Last evening my genetic counselor called and updated me on the amniocentesis results. She called the lab and said results should be in that night! I would get a call in the morning. It’s been a very long, almost 5 weeks of waiting. I wouldn’t say I was excited, but I would have some relief of an answer. This morning shortly after 9, she called. Osteogenesis Imperfecta. During these past 5 weeks I researched a lot of the skeletal dysplasias, but really didn’t look into OI. She said it’s a mutation to the col1A1 gene. And most likely a spontaneous mutation. Well that is good news. She offered a blood test to see if either Jim or I are carriers. We will most likely be taking that at our next appointment. I asked what type of OI it was, since I know there are different types ranging from very mild to fatal. She said it does not specify, there’s no way of knowing for sure what type until actually looking at the person and performing tests. She said based off of ultrasounds it is most likely the most severe type, which would be type II.

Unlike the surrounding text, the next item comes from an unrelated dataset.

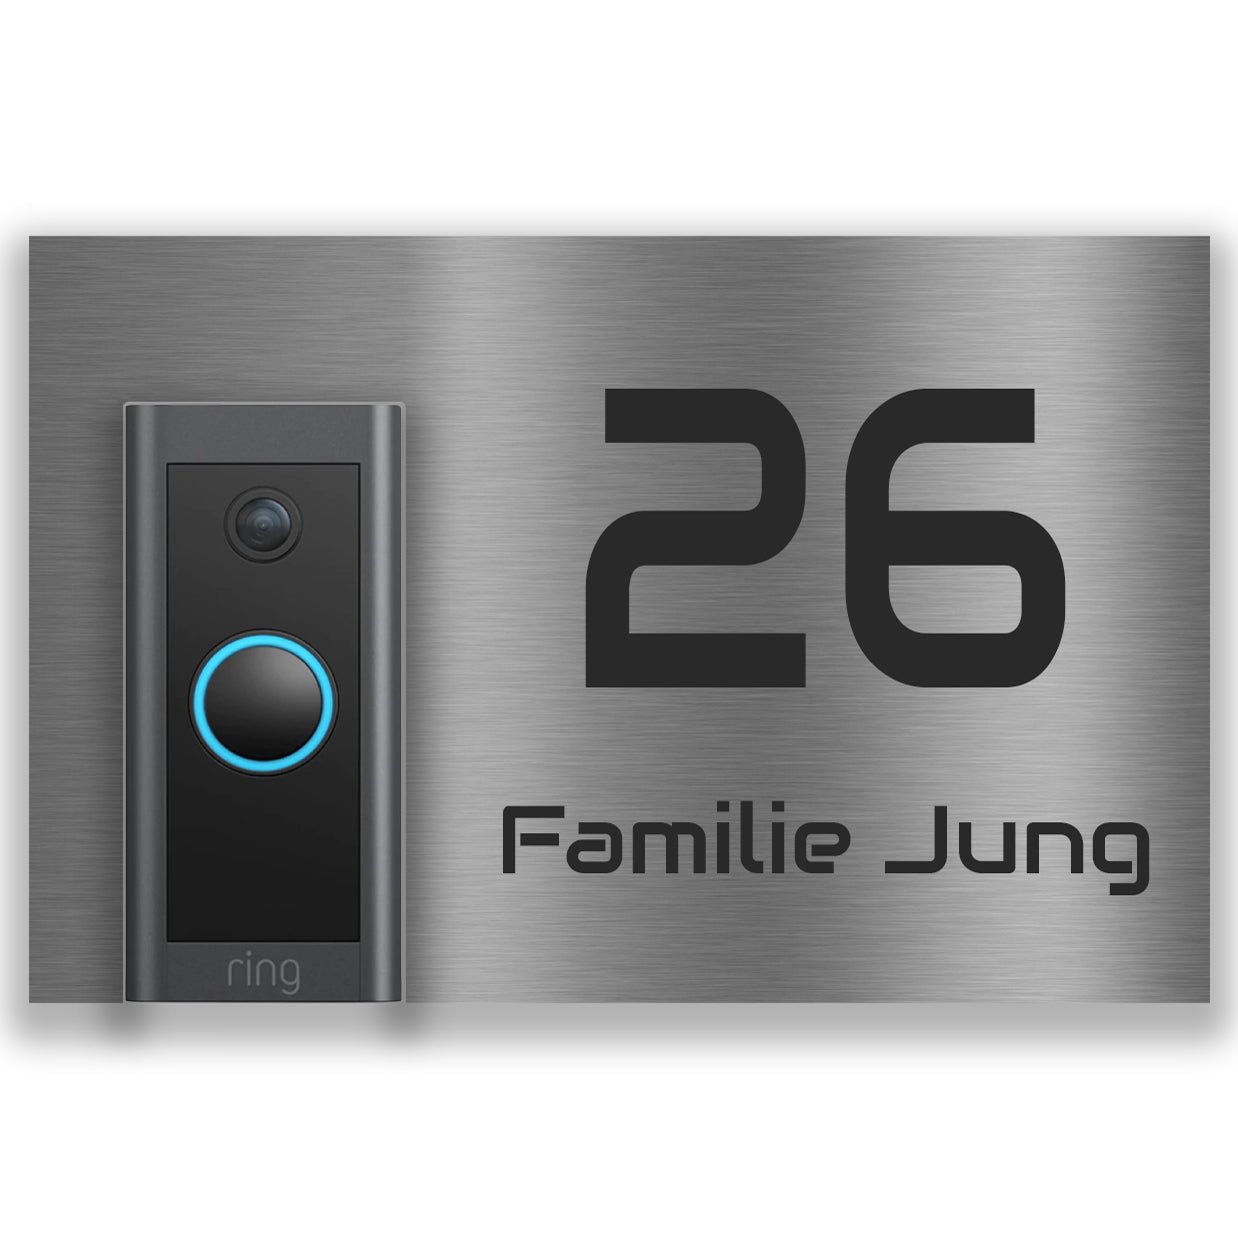 Modernes Edelstahl Türschild für  Video Ring Doorbell Wired, individuell personalisierbar

Here is a google definition of the diagnosis:
Osteogenesis imperfecta type 2 is a recessive trait with males and females affected. Two copies of the mutant gene are needed to cause the disease. The disease is characterized by short limb dwarfism, thin skin, soft skull, unusually large fontanels (soft spots), blue sclerae (whites of the eyes, small nose, low nasal bridge, inguinal hernia and numerous bone fractures at birth. There is bowing of limbs due to multiple fractures. This disease (also called osteogenesis imperfecta congenita or Vrolik disease) is usually not compatible with life. The children are usually stillborn or die of respiratory failure in early infancy. The condition results from mutations that impair the production of type I collagen, a key component of connective tissue. Mutations responsible for osteogenesis imperfecta type 2 have been identified in both the COL1A1 and COL1A2 genes. (COL1A1 is the gene for type 1 alpha-1 chain of collagen (COL1A1) and is located in chromosome17q21.31-q22.05. COL1A2 is the gene for type 2 alpha-chain of collagen (COL1A2) which is in chromosome 7q22.1).